I think you’re being too tough on yourself, Casey. You’ve been the victim of bad luck and circumstance, not bad judgement. I live in an upscale neighborhood that is heavily populated with active-duty and recently retired Navy, and I know several who made it a point to buy a home at every stop and sell when ordered to leave, just as you did. They were simply more fortunate with the housing market and sold into profits, so they are now financially independent.

However, the vagaries of military life still take their toll. One such family settled into what they expected to be their final home here three years ago. He’s a submariner who spends months at a time underwater. One year from retirement, he’s just been ordered to Hawaii or Guam (obviously they’re hoping for Hawaii), so they’re packing up three reluctant teenagers and a houseful of furniture and unhappily putting the home up for sale.
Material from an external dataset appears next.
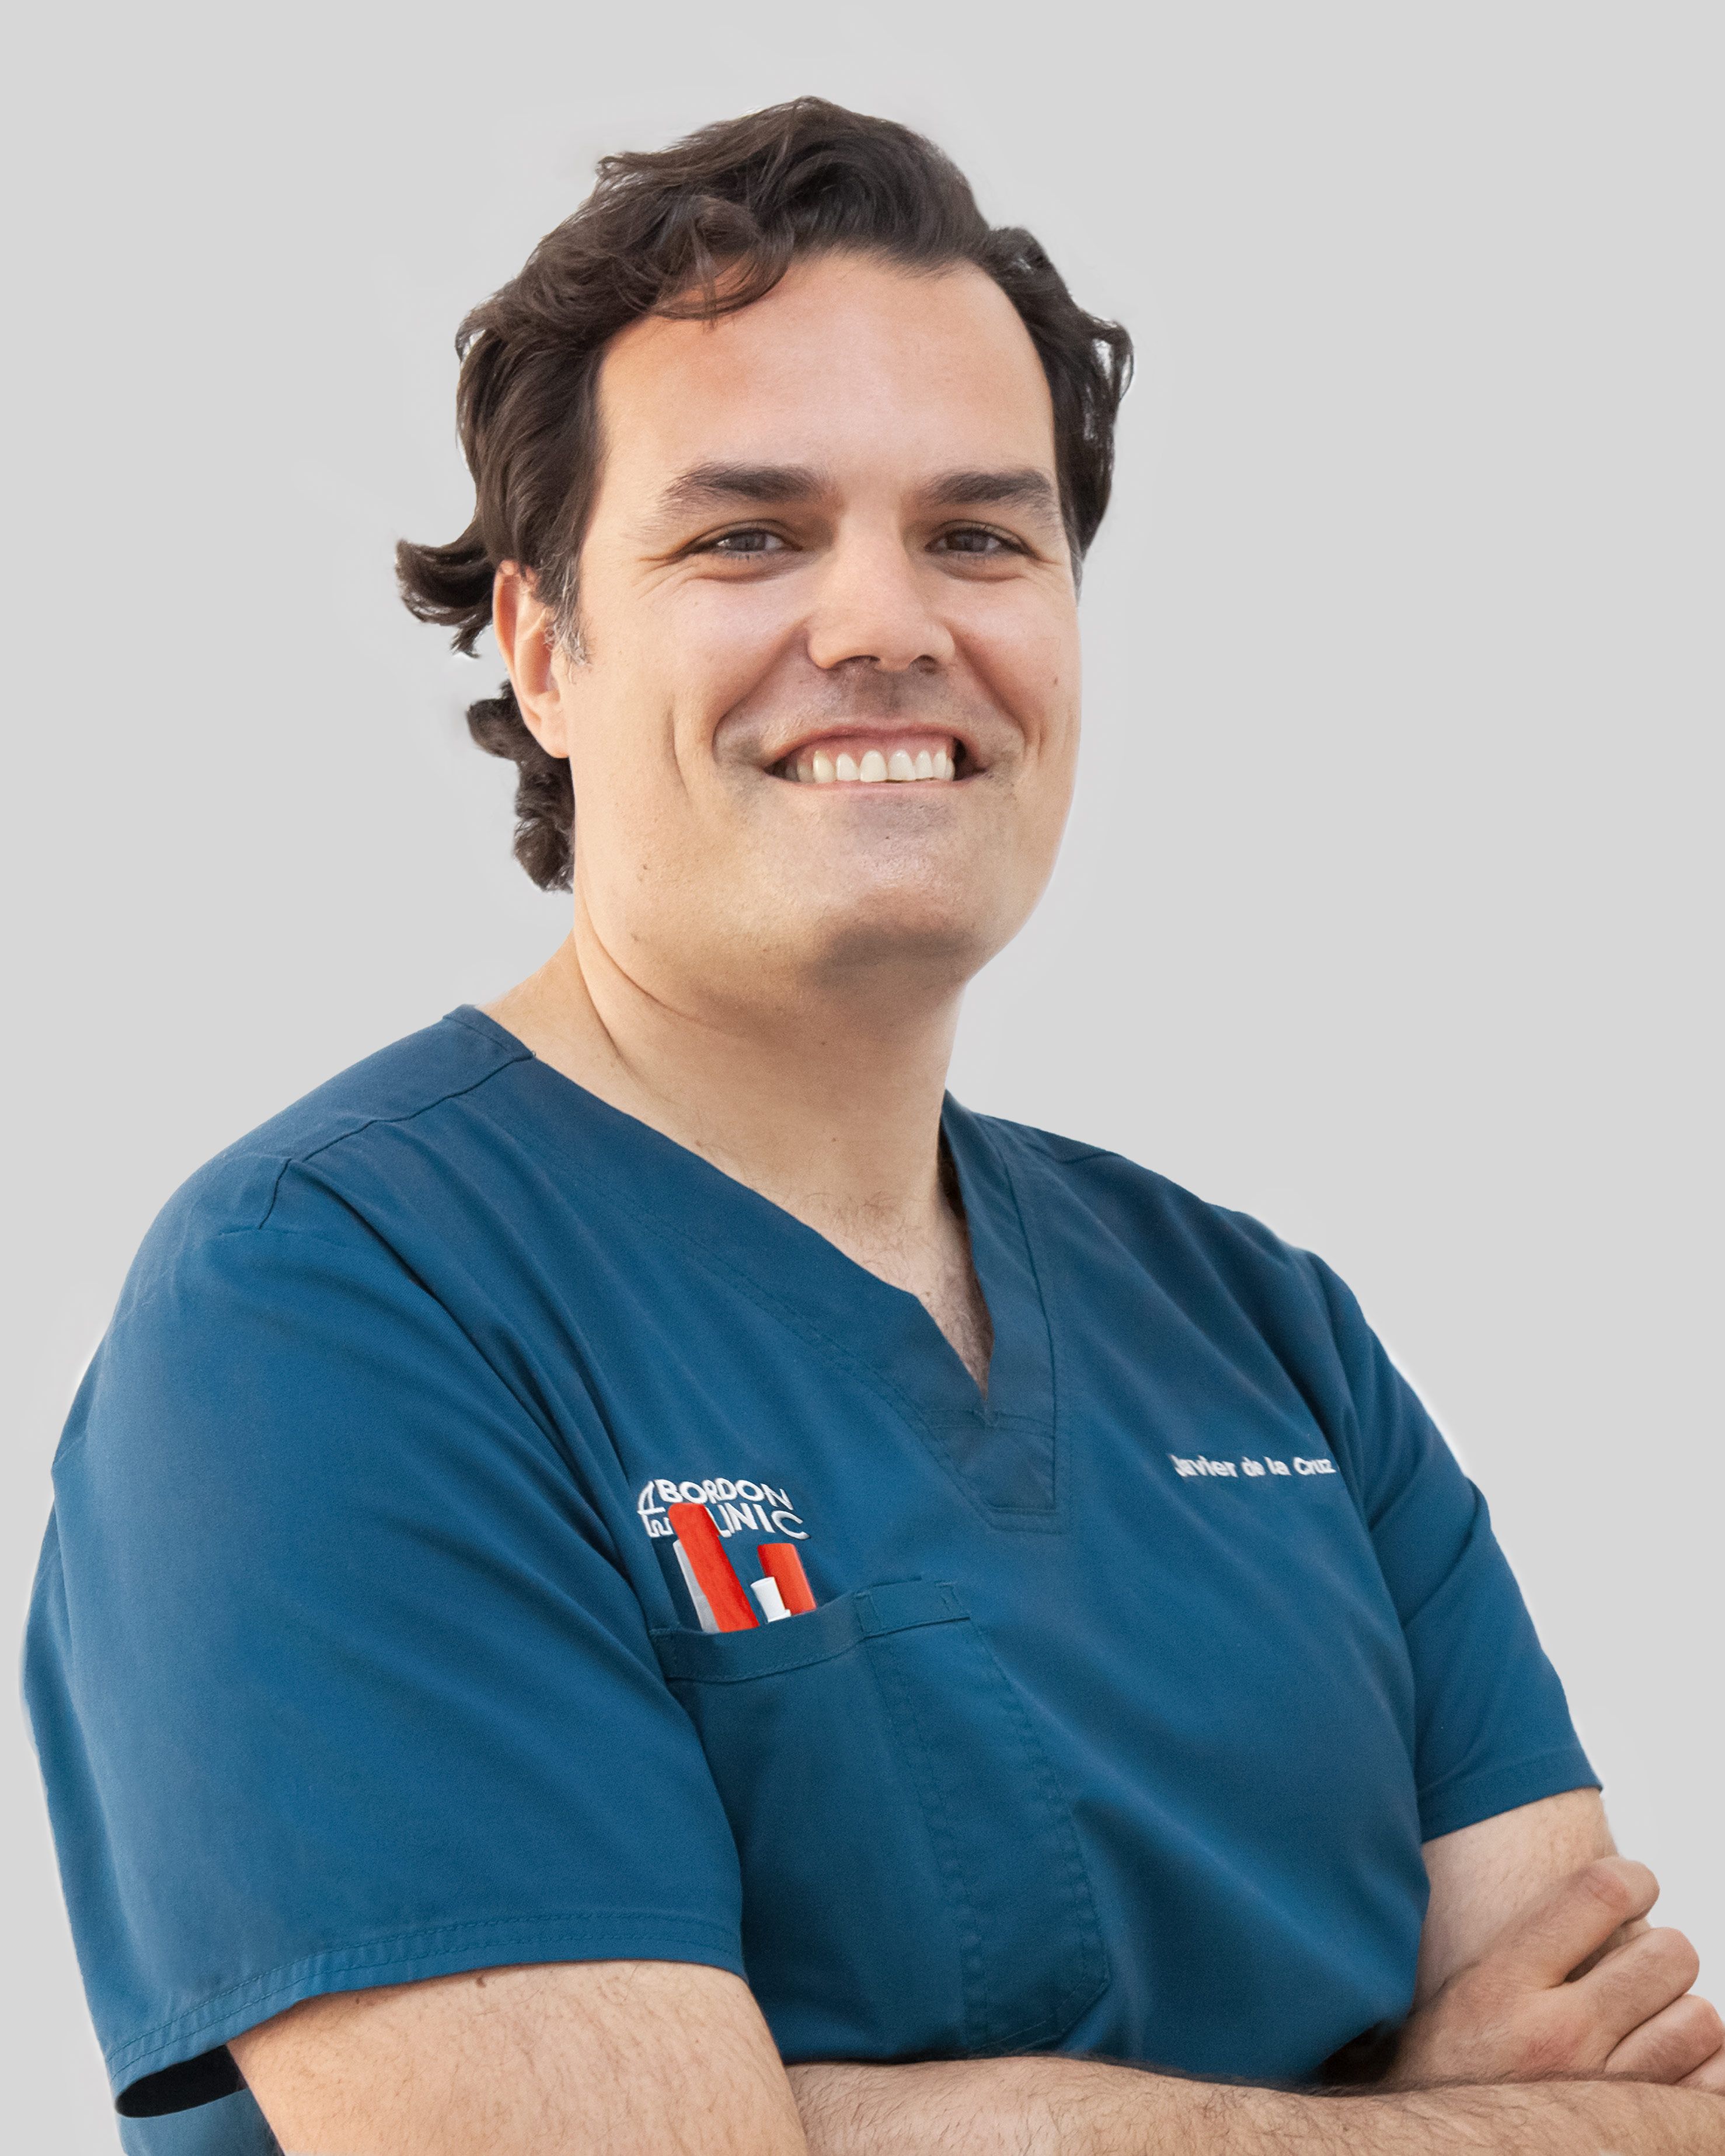 Dr. Javier De La Cruz - Clínica Dental BordonClinic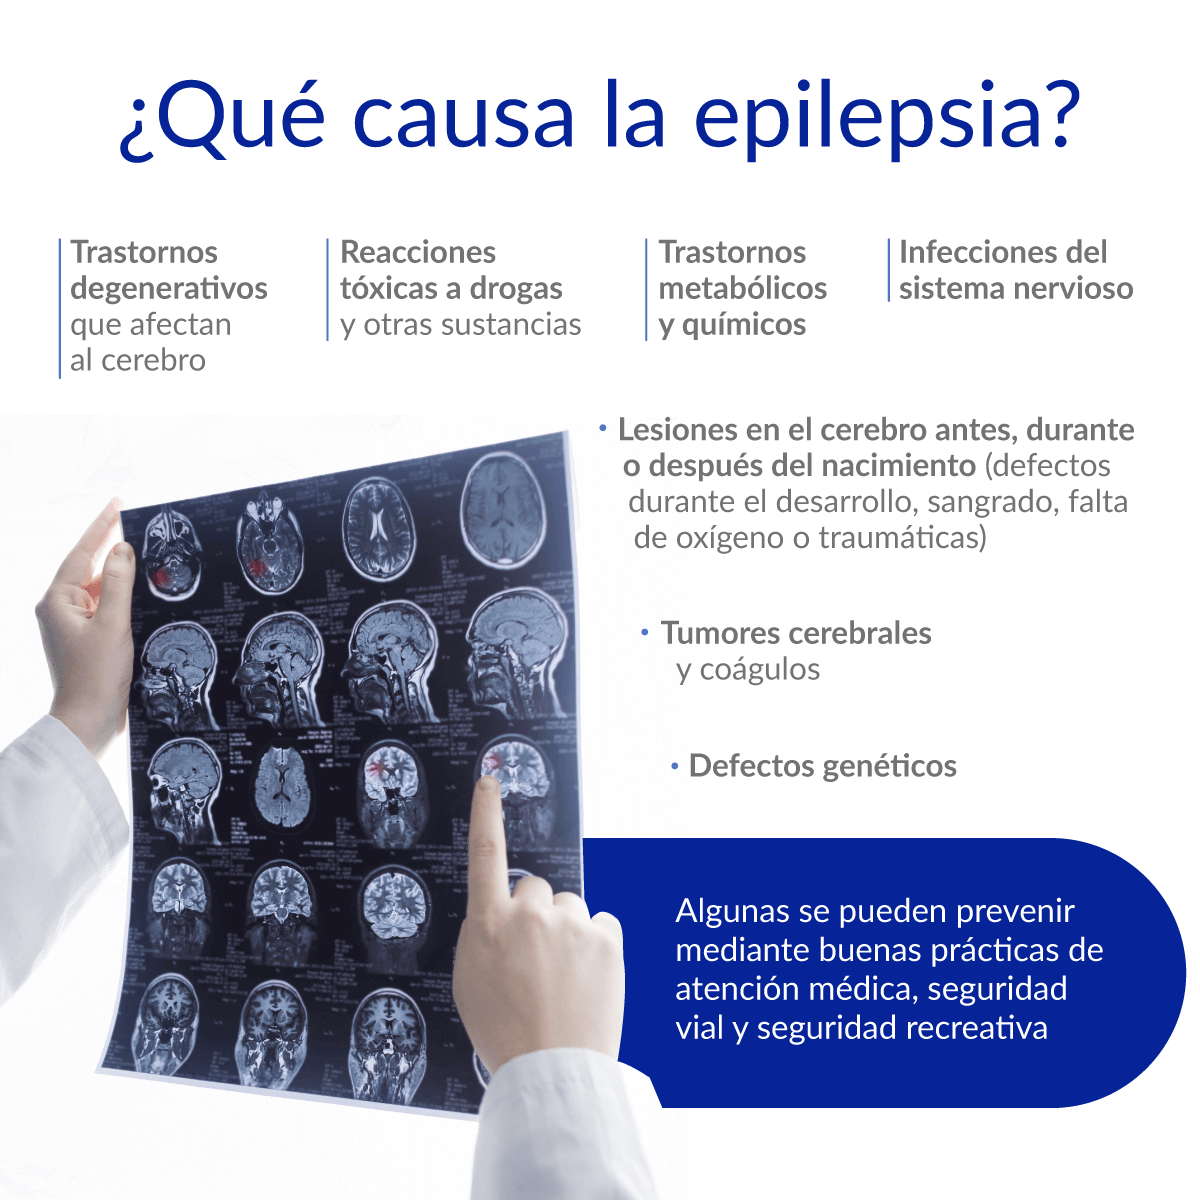 ¿Qué causa epilepsia?

As you know all too well, it comes with the job.

Chuck BV
1 year ago

Agreed with a previous commenter who pointed out that you will have inflation-adjusted income in retirement in addition to Social Security, which is sadly atypical these days (although as a civilian Fed, I too have that advantage). On a side note to the mortgage question–I would tend to say that parents thinking about their kids’ future college (like you a few years back) should fully fund a Roth IRA before a 529. Rules change, but it helps to play with the numbers in the FAFSA years before you have to. As someone approaching traditional retirement (near SSA FRA) in a single-income family with one kid going into college and most of our assets in equity or retirement accounts, I am very grateful that I never put money into a 529. If you do so, you are basically saying to your kids’ future college “this is a pledge to you; this money is yours”. If it is in retirement accounts or home equity, they essentially can’t touch it. The calculations would be different for a two-income top-quintile power couple (or a couple who will be their when their kids go to school), particularly if they will be empty-nesters by their mid-50s. For that couple, the 529 probably makes a lot more sense. At least that is my current perception.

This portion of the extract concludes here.